Provided data:
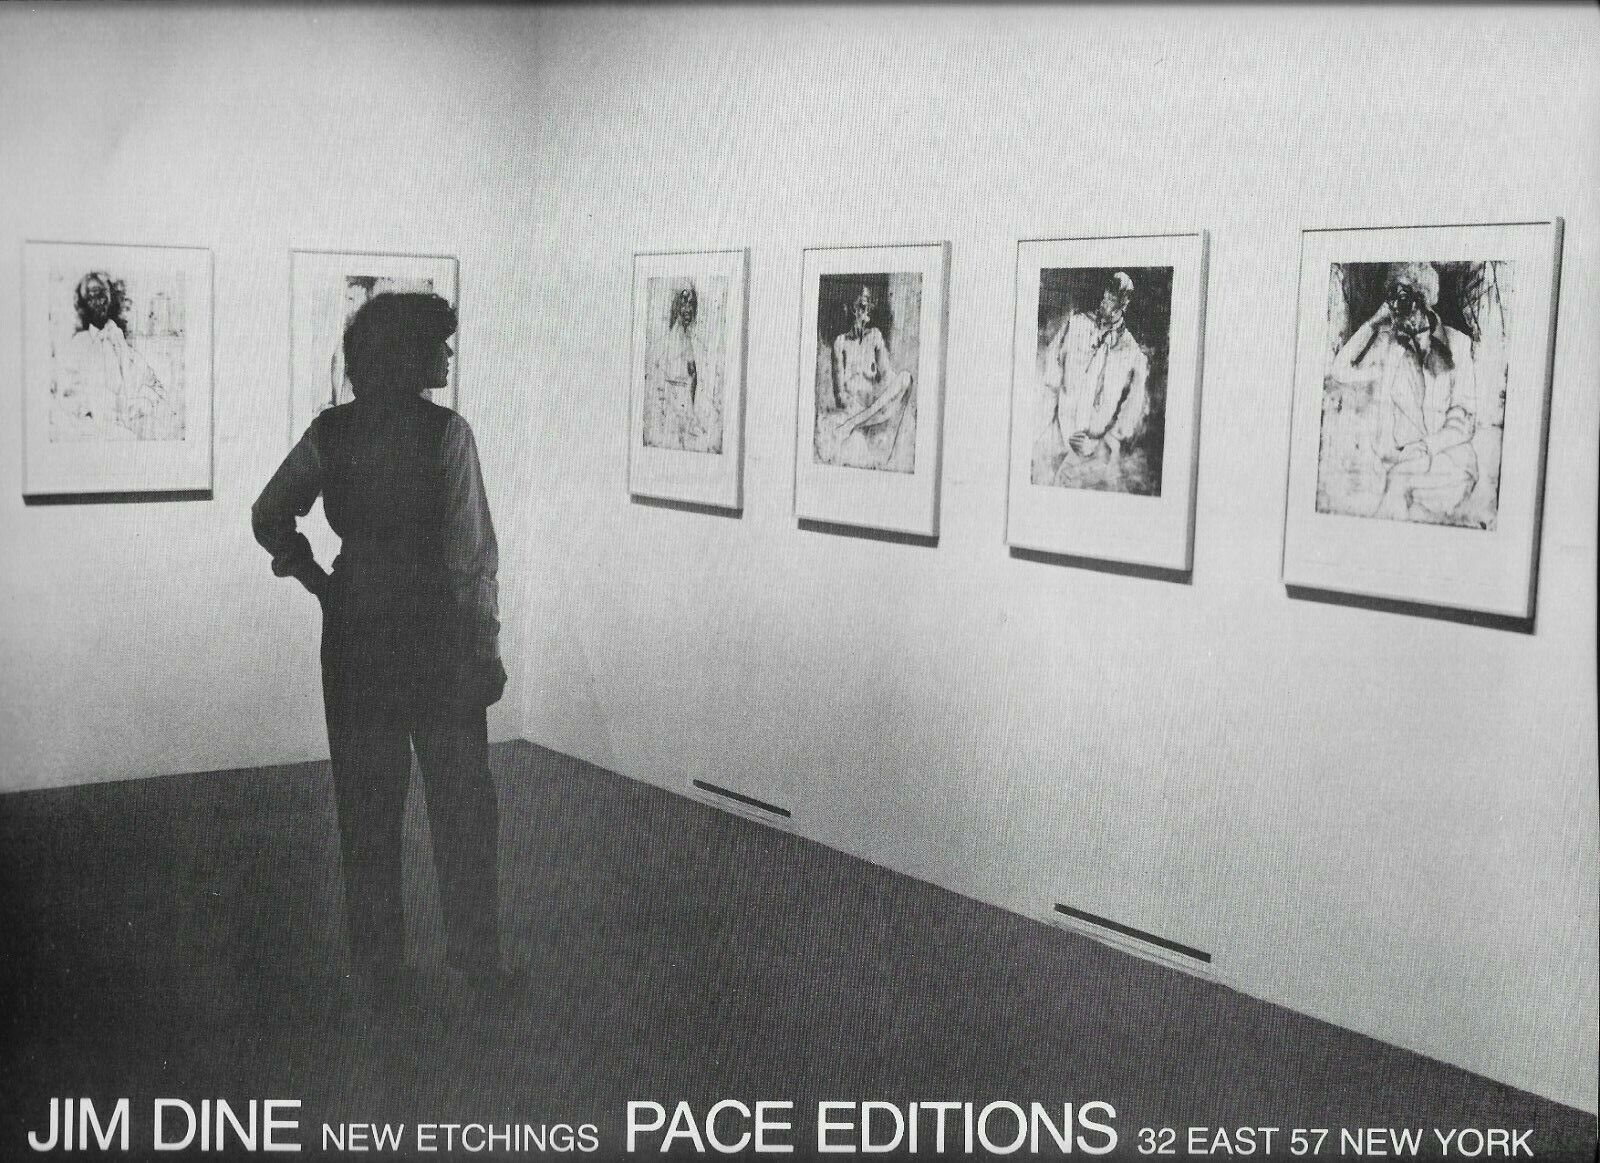 1979 Jim Dine New Etchings Pace Edition NYC Art Gallery original print ad
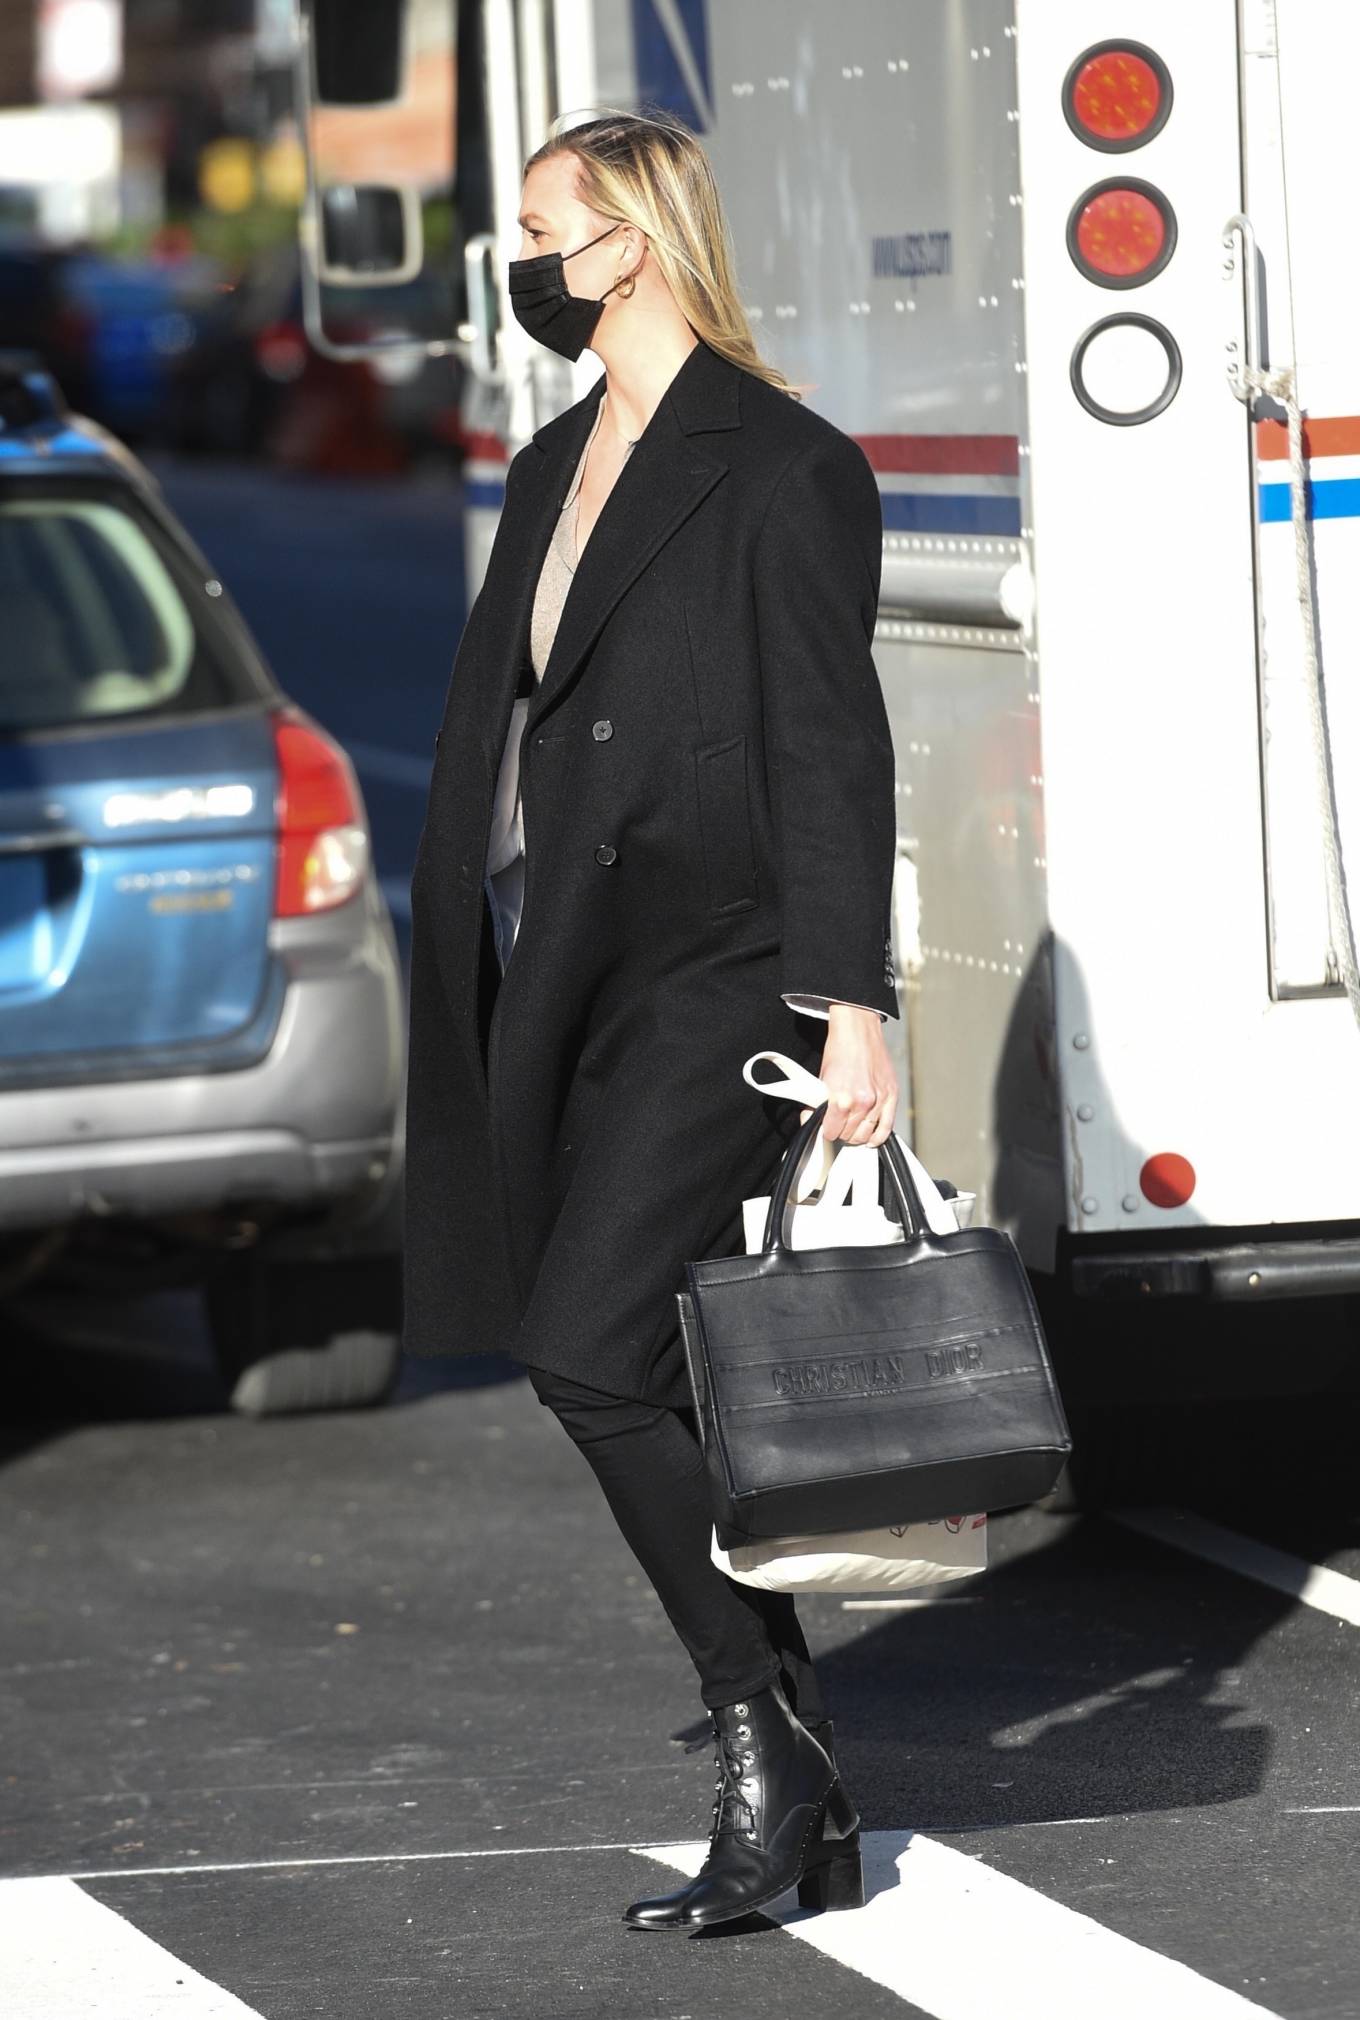 Karlie Kloss – Out and about in SoHo
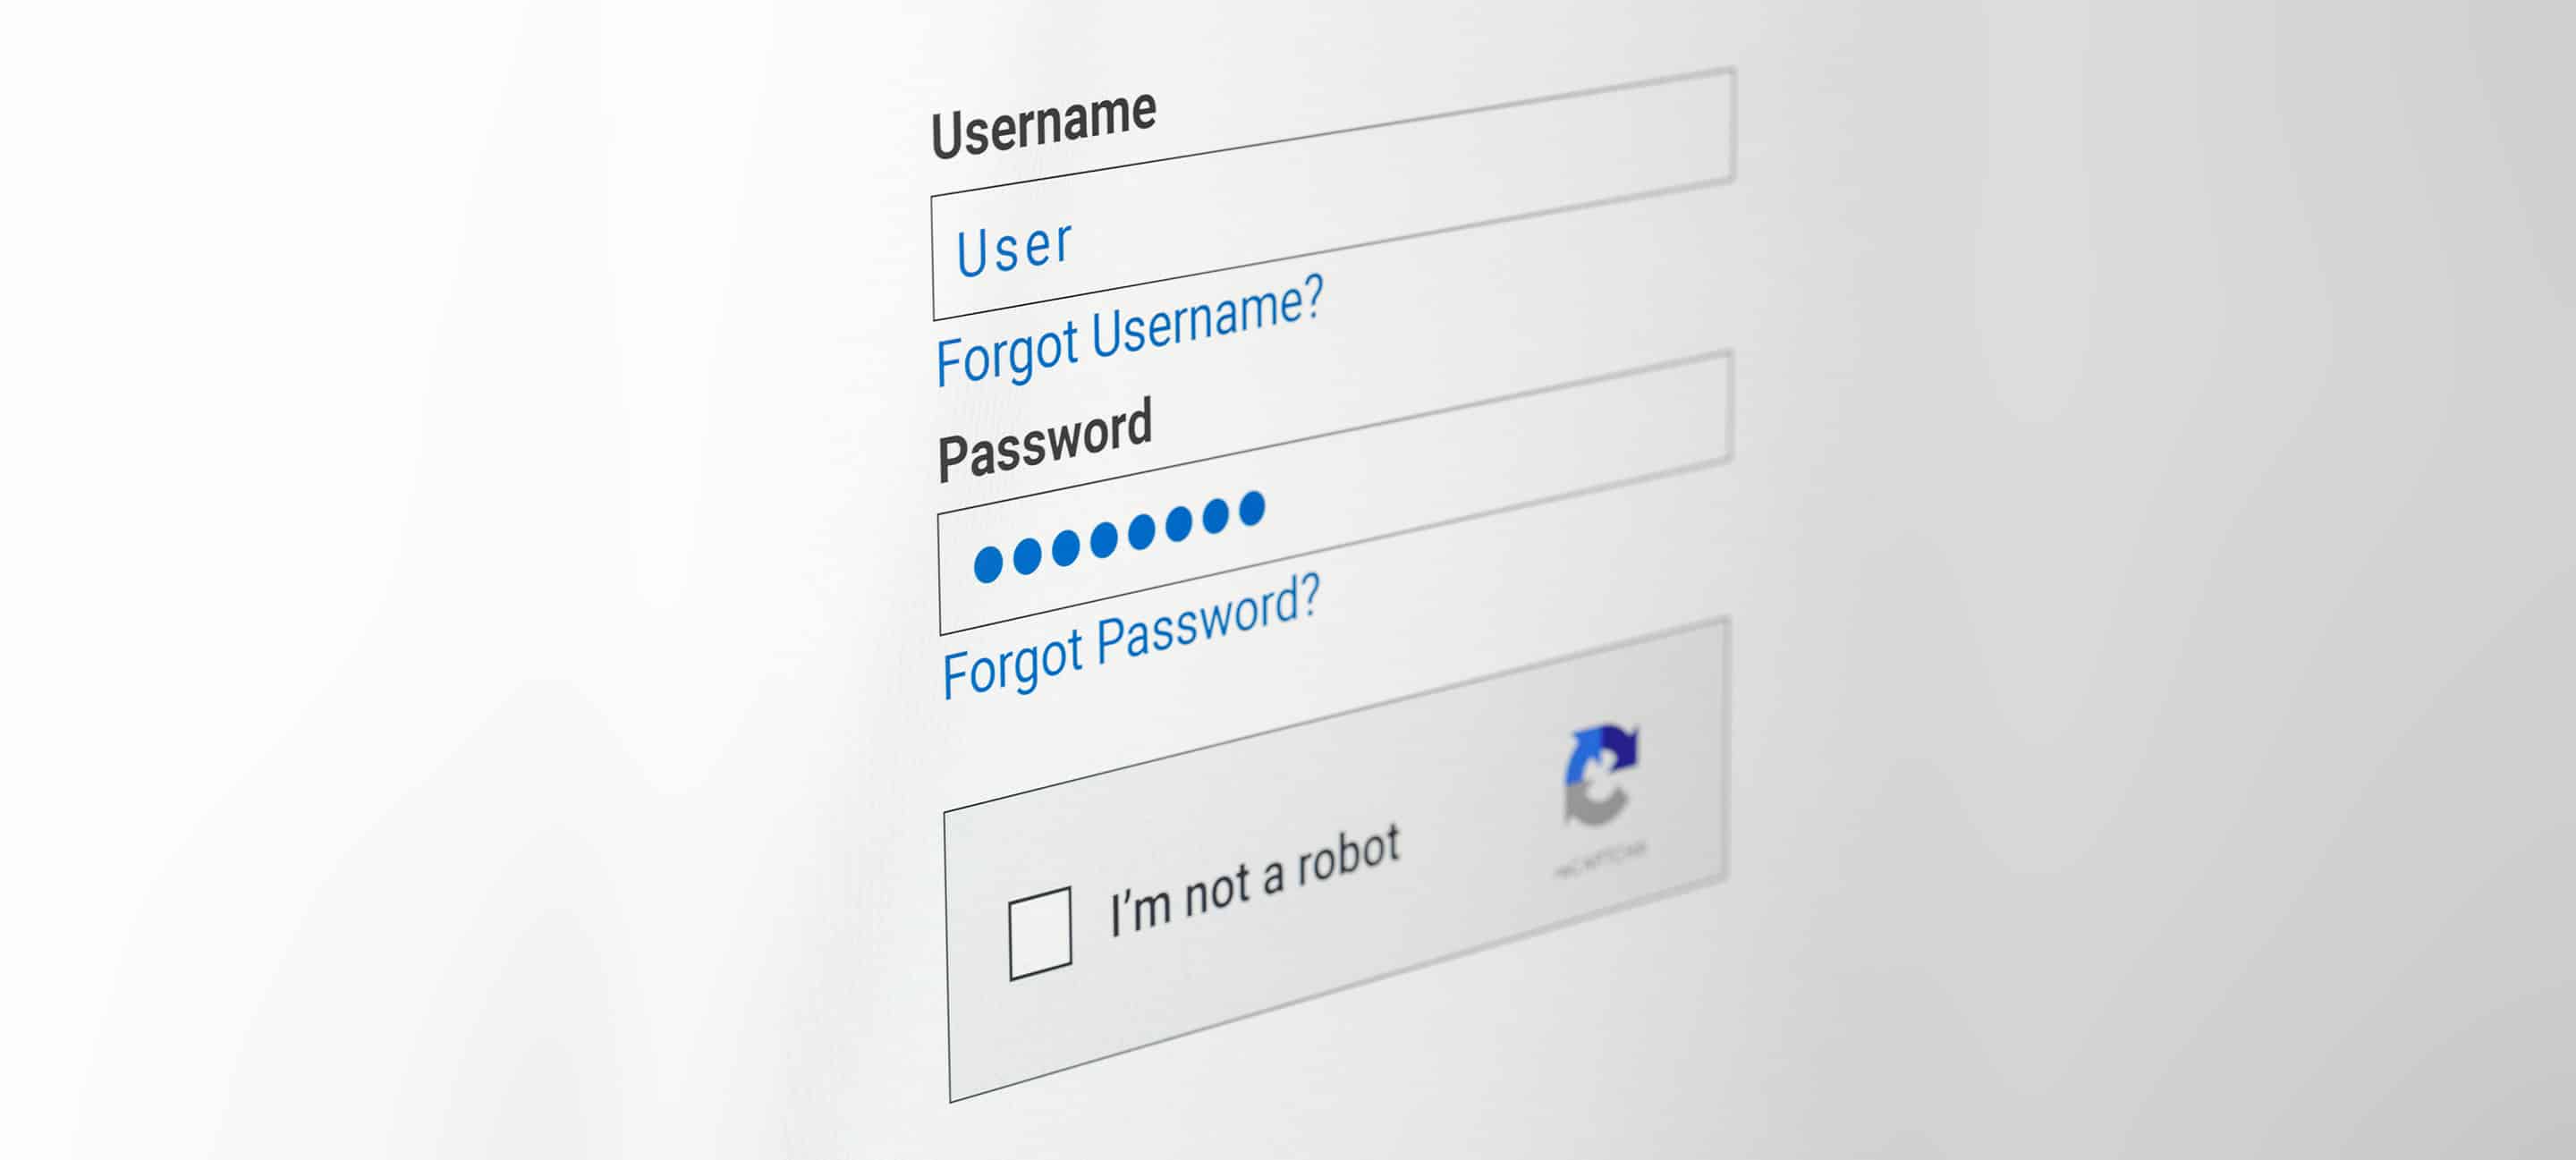 A screen prompts the user to answer a CAPTCHA test to log in to their account

Task prompt:
Retype, word for word, only the line holding "Karlie Kloss – Out and about in SoHo" and the lines after it through the final line of the listing above, and leave every picture out.

Final answer:
 Karlie Kloss – Out and about in SoHo
 A screen prompts the user to answer a CAPTCHA test to log in to their account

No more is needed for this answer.